The year before we bought our home our street was rebuilt. It’s been 11 years now and I don’t remember the precise value, but I believe we incorporated a number close to $11,000 into the purchase of the house sale price we paid which related directly to the special assessment. We were first-time homebuyers and didn’t know there was any other way of doing business. We just thought that when a new road gets poured in front of your home, you pay for a portion of it relative to the width of your lot.
Fast Forward to today, and this topic is getting a lot of attention again. Actually, it seems to be a topic that Council has kicked around since at least 2017 with little change. On December 12th of last year Councilman Ford put forth a special assessment deferment program similar to this one in Eau Claire. He wisely noted that, “At the very least it allows us to provide a real option that has precedent in Wisconsin for residents who are facing a loss of their home due to a special assessment.” Having something like this in our city would be beneficial to residents who would be priced out of their homes if a special assessment were too costly for them. No citizen should fear losing their home because they can’t pay for a city road being built in front of their property.
Further developments came at the last council meeting on January 9th. The discussion began at 24:20 during that Council meeting. What’s being proposed is a $35 per vehicle wheel tax (municipal only). This is officially known as a Vehicle Registration Fee, but more commonly known as a wheel tax. The DOT needs a 90-day lead-in to implement this plan, assuming Council approves the change to this model at the end of February, and it could go into effect midsummer.
Let me highlight my stance here: I am entirely behind this change replacing special assessments with a wheel tax. This fee of $35, or whatever Council approves this year, will be added to your annual vehicle registration fee. That dollar amount comes from the total of revenue lost from special assessments divided by the estimated number of registered vehicles in the municipality. Everyone drives on the roads, so now everyone would be paying something to maintain them instead of having a massive burden fall on a property owner when that shoe drops. Yes, it’s one more fee that you have to pay. Yes, people will argue that it’s more taxation by a different name. But let’s face it, those same people (along with myself) are sick of so many of the crappy roads we have in Oshkosh. We need money to repair the roads that we all drive on, and this new system is more fair and logical than what we’ve had up to this point.
The wheel tax is not perfect, but my goodness it’s better than getting sacked with a huge special assessment. As I understand it, because of the way this is written into state law we cannot adjust the fee to be proportional to the size of the car. In an ideal world your Prius might pay $15 while every 18-wheeler going to and from Walmart would pay $150. Those numbers are imaginary, but you get the point I’m trying to make. City Manager Rohloff is “going on tour” over the next six weeks to talk with various community groups about these proposed changes. I encourage you to engage with him to understand the changes being outlined for the Council to vote on.

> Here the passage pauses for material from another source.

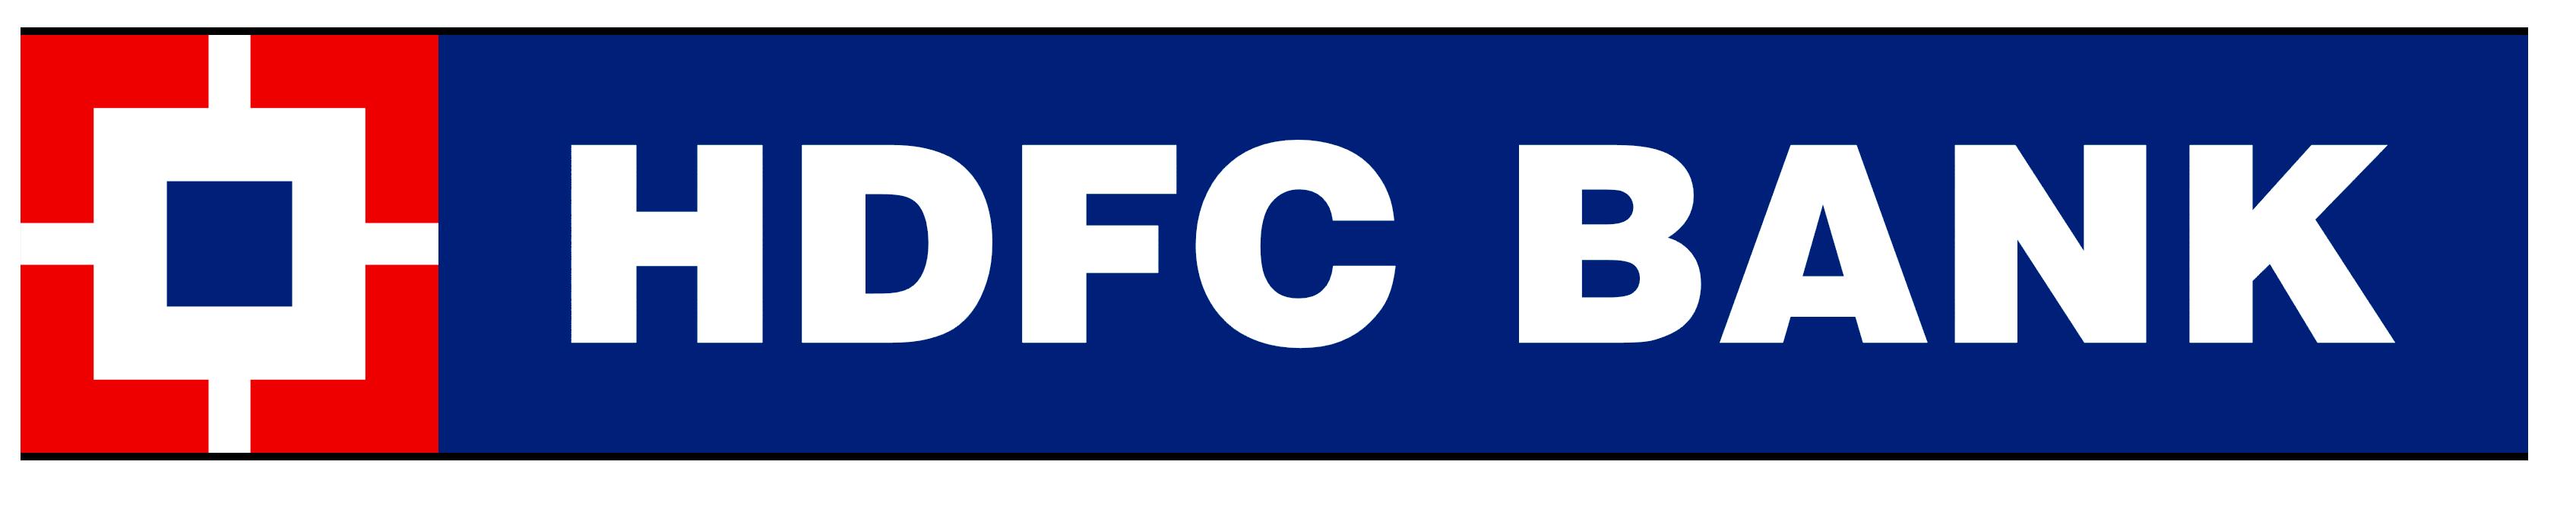 Food Bank Logo Vector

On a related topic, I had a lovely meeting with Mayor Lang and members of her staff at Neenah City Hall earlier this month. A big part of my campaign is speaking with and learning from other municipalities. One of the things we discussed at length was actually special assessments. At the end of the last decade, they moved away from special assessments as well, but instead of opting for a wheel tax they went with a transportation assessment replacement fee, or TARF for short. You can read the FAQ here. In short, this replaces special assessments with a nominal fee around that $35 like our proposed wheel tax, but whereas a wheel tax is is a charge against a registered vehicle, the TARF is a charge against a property based on the number of equivalent runoff units on the property.
I liked this model a lot when they explained it to me and I wondered why Oshkosh hadn’t done something like this before. Their TARF even charges more for commercial buildings - up to a cap of $2000, I believe, which is fair in my eyes - charge the bigger commercial giants more than the smaller homeowner properties. And that’s probably a reason why an idea like this didn’t fly here in the past. Certain entities like the Chamber likely advocated against this on behalf of the commercial sector. I understand that side of the argument, too, and I don’t blame them if this speculation was actually the case.
Regardless of what led to the stagnant quagmire that bogged down any change to our special assessments for so long, the time has finally come for something new. I’m excited that it’s happening. We all use the roads. Let’s all bear the burden.